(Supplied material begins)
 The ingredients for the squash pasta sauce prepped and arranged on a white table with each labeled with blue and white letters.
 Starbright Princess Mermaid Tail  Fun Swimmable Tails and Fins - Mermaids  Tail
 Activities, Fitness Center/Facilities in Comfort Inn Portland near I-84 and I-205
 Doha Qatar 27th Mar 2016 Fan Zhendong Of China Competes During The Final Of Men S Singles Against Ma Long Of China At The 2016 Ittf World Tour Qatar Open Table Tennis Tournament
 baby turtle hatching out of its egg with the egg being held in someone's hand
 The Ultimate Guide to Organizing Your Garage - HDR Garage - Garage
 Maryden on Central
(Supplied material ends)
▸ What is required: Would you please return all of the data exactly?

▸ Worked solution:
 The ingredients for the squash pasta sauce prepped and arranged on a white table with each labeled with blue and white letters.
 Starbright Princess Mermaid Tail  Fun Swimmable Tails and Fins - Mermaids  Tail
 Activities, Fitness Center/Facilities in Comfort Inn Portland near I-84 and I-205
 Doha Qatar 27th Mar 2016 Fan Zhendong Of China Competes During The Final Of Men S Singles Against Ma Long Of China At The 2016 Ittf World Tour Qatar Open Table Tennis Tournament
 baby turtle hatching out of its egg with the egg being held in someone's hand
 The Ultimate Guide to Organizing Your Garage - HDR Garage - Garage
 Maryden on Central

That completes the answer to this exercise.